Monday, June 12, 2006

Spot The Neocon Story Plant, Part 54 (At Least)

When the history books are written, many years from now, about the current manufactured crisis over Iran's nuclear program, the U.K.'s Daily Telegraph will stand out as one of the media organs which shilled most assidiously for the warmongers. It seems as if every week, since around last May, the Torygraph has had a scaremongering story about Iran - oftimes more than one. Every single one of those stories has been written by Torygraph shills Phil Sherwell and Con Coughlin and every single one has been based on "Iranian dissident groups" (i.e. the MeK), Pentagon spokemen speaking anonymously, "intelligence experts" who turn out to be lying hacks with an agenda like Ken Timmerman or, as in the case of today's bit of hackery, an unnamed "senior western diplomat working with the IAEA".

Today's scary story involves intelligence, presented by nation or agency unnamed, to the IAEA purporting to show that a secret parallel military nuclear program has been transplanted from Lavizan to a new secret complex outside Teheran. Like all such "secret projects", the complex is underground (probably built for the evil Mullahs by those evil Russians) - thus precluding satellite observation - and it seems no-one ever noticed the huge earthmoving operation its construction would have entailed.
“This is a truly alarming development,” said a senior western diplomat working with the IAEA. “This evidence indicates that the Iranians remain committed to developing nuclear weapons, despite their claims to the contrary that their nuclear ambitions are entirely peaceful.”
The article itself, like all Coughlin and Sherwell's concoctions, is a masterpiece of half-stated facts designed to lead a casual or stupid reader down a garden path which those with an agenda for personal gain are happy to see them take. We are told the source for the report is that famous and loquacious unnamed "senior western diplomat working with the IAEA". That's designed to make the reader think this is officially leaked by someone actually working for the IAEA and who knows what the professionals at the Agency are working on. It's a smoke screen. There are 139 member states of the IAEA and at any time 35 nations are represented on the governing council. Each has a small coterie of accredited diplomats, not all of whom would know a nuclear fuel cycle if it bit their ass. None of those diplomats work for the 2,200 person IAEA Secretariat, which is the professional arm of the IAEA - you know, the inspectors, scientists and such who actually know what they are talking about and do the real work. In fact, none work for the IAEA at all, they all work for their member nations.

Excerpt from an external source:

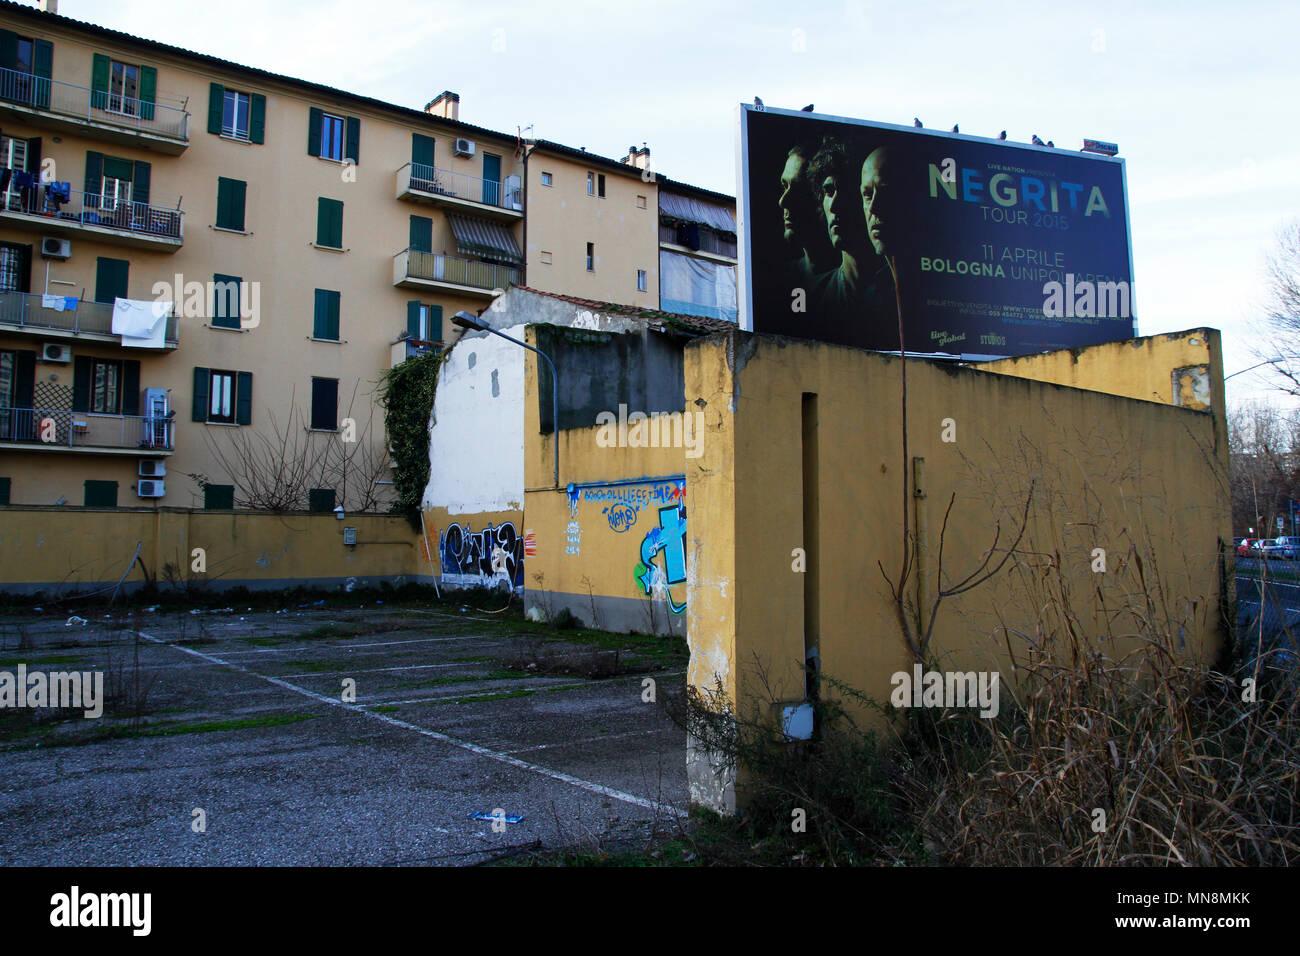 Escenas Urbanas, capturados en los suburbios de la ciudad de Bologna, Italia Foto de stock

That leads us to the next half-truth, as Coughlin tells us that "IAEA officials are studying new intelligence indicating that the Lavizan research project has been moved to a secret military location outside Teheran". Well yes, I am sure they are. IAEA officials study everything that is brought to them on such a subject. The BIG questions are - do they believe it, and which officials are we talking about here, the Secretariat's officials or the horde of diplomats who make up the General Council?

Over the last year and more, a huge amount of supposed "intelligence", much of it derived from MeK sources or the "research" of people like Ken Timmerman has been dumped in the laps of the IAEA. More, IAEA members like the U.S. and Israel have also come forward with "intelligence", the sources and reliability of which cannot be divulged for national security reasons, for IAEA consideration. There has literally been a mountain of the stuff. Secret tunnel complexes, secret enrichment plants, secret missile warhead plans, mysterious particles of highly enriched uranium which didn't come from declared processes, detailled plans for all of the above on a laptop some guy down the pub gave them...

The vast majority of it has been exposed as fake, investigated and found wanting or has had an alternative and far more mundane explanation.

The simple truth is that, asked to prove the negative statement "Iran does not have a nuclear weapons program", IAEA Secretariat staff were and remain happy with the March statement of El Baradei that:
As you are aware, the Agency over the last three years has been conducting intensive investigations of Iran´s nuclear programme with a view to providing assurances about the peaceful nature of that programme. During these investigations, the Agency has not seen indications of diversion of nuclear material to nuclear weapons or other nuclear explosive devices.
Of course, there are uncertainties - there always will be when asked to prove a negative since proving a negative simply can't be done.

If the current mood for diplomacy and "jaw-jaw rather than war-war" (as conservative icon Churchill famously stated he preferred) should fail then much of the blame will be laid at the doors of neocon outlets such as the Daily Telegraph as they blithely empower those who so clearly and dearly want to slice the Iranian pie to profit themselves.